LHC Tunnel

LHC Tunnel

Monday 24 February 2014

Our Cloud in Havana


TL;DR Upgrading a nearly 50,000 core cloud from Grizzly to Havana can be done with a series of steps, each of which can have short periods of reduced functionality but with constant VM availability.

At CERN, we started our production cloud service on Grizzly in July 2013. The previous OpenStack clouds had been pre-production environments with a fixed lifetime (i.e. they were available for use with an end date to be announced where the users would move to the new version via re-creating instances with tools such as Puppet or snapshot/upload instances).

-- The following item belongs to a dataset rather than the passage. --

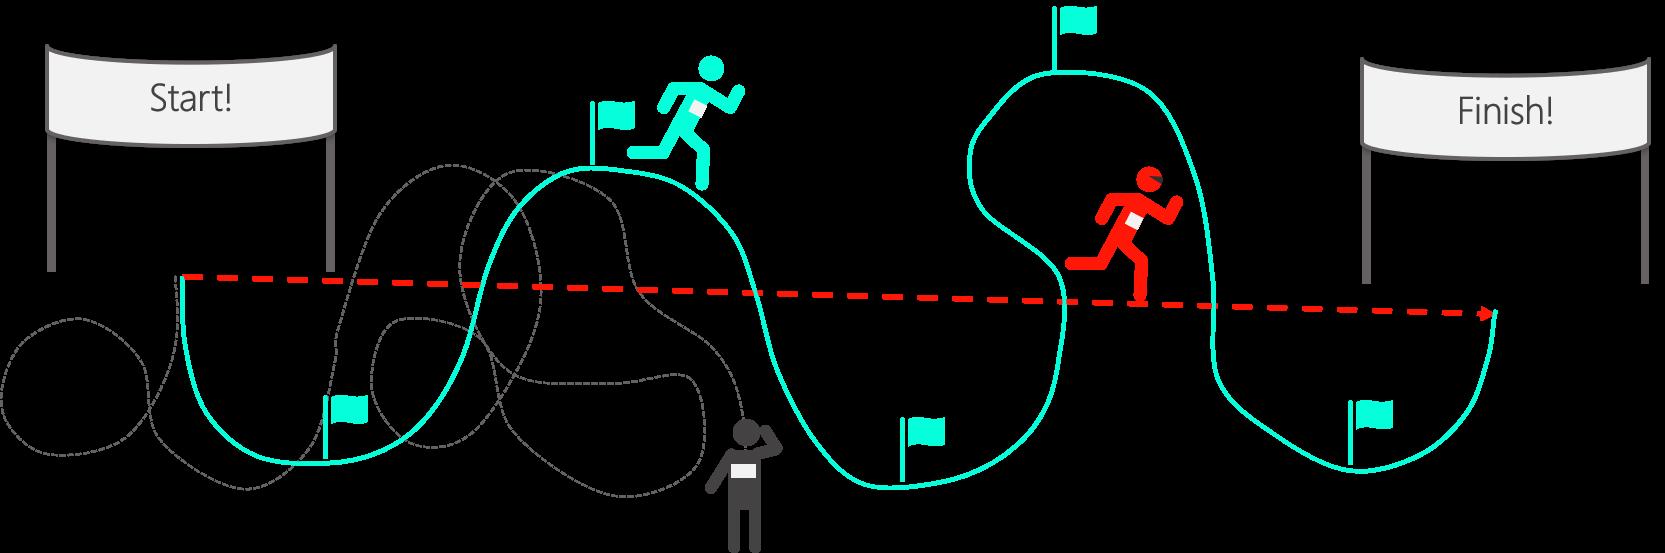 Process Mining Conformance Check Run Competition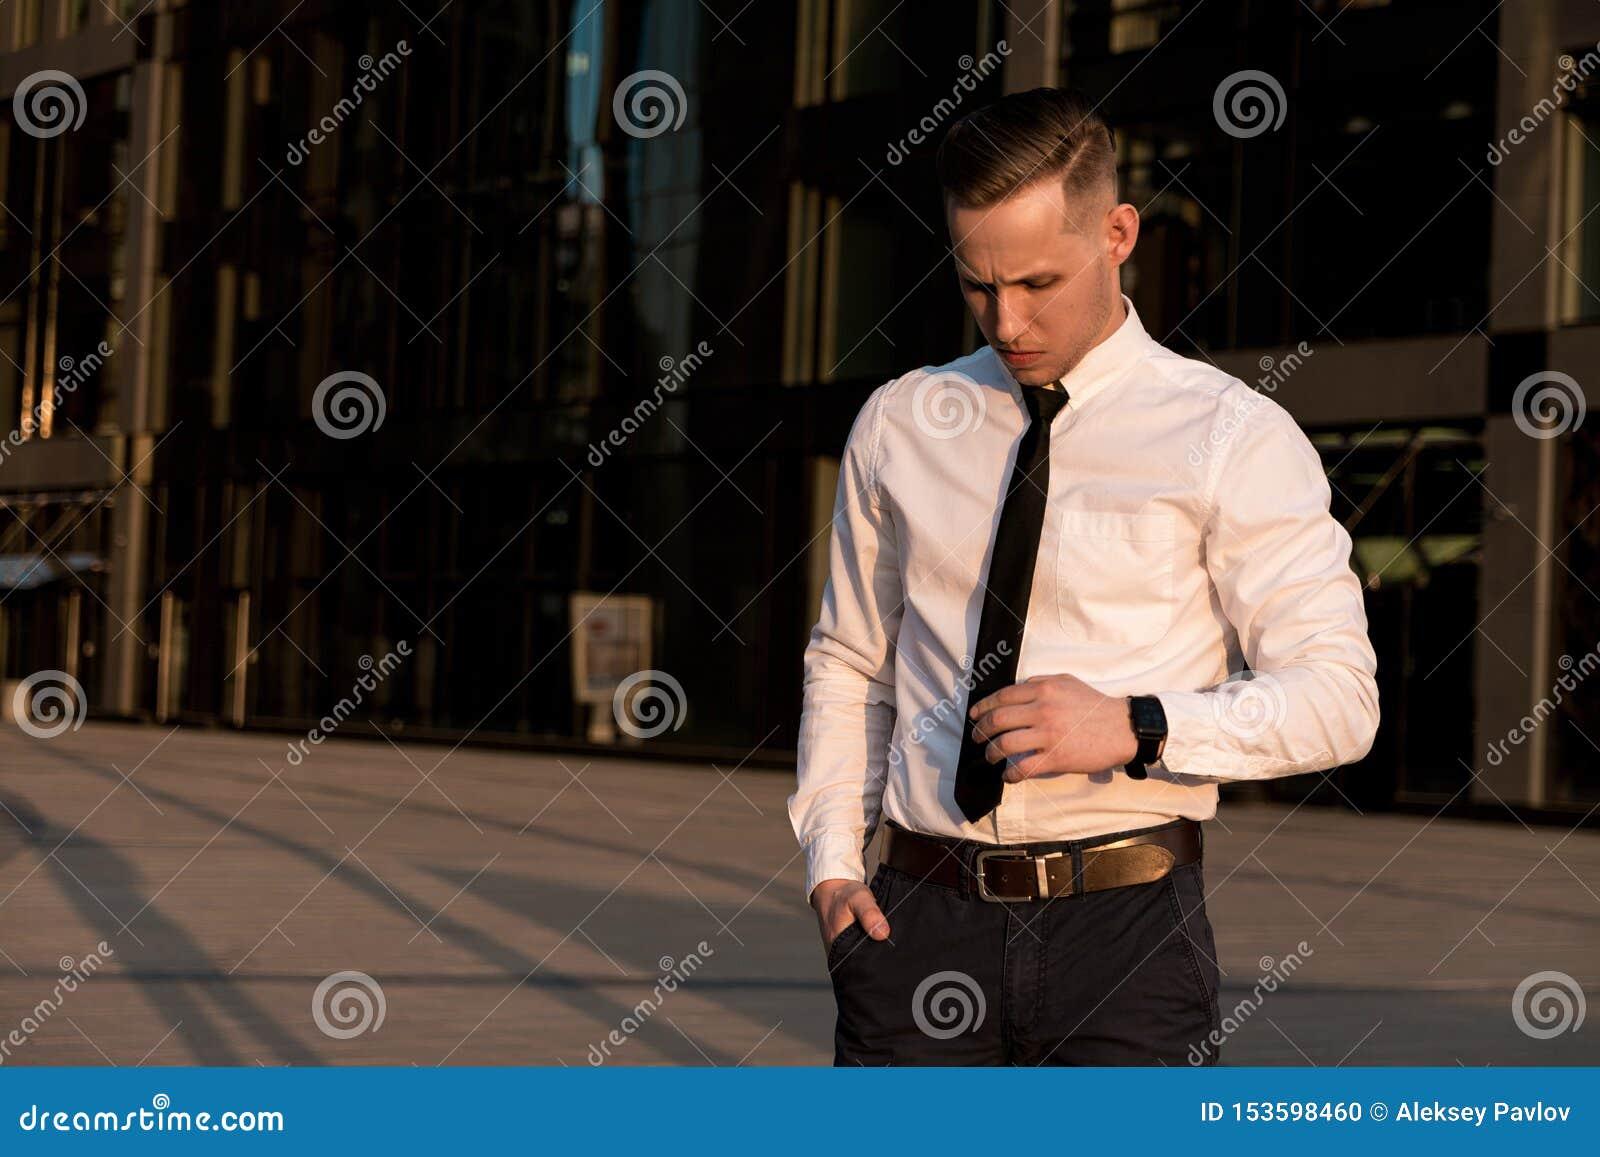 El hombre de negocios joven corrige un lazo

With the Grizzly release, we made the service available with an agreement to upgrade in place rather than build anew. This blog details our experiences moving to the Havana release.

High Level Approach

We took a rolling upgrade approach, component by component, depending on need and complexity.
Following the release notes and operations guide, the order we chose was the following
  1. Ceilometer
  2. Glance
  3. Keystone
  4. Cinder
  5. Client CLIs
  6. Horizon
  7. Nova
The CERN cloud is based on the RDO distribution (see http://openstack.redhat.org). The majority of the servers are running Scientific Linux 6.5 with hypervisors running KVM. We follow a multi-hyper-visor approach so we also have Windows 2012 R2 with Hyper-V. The cloud databases are using MySQL.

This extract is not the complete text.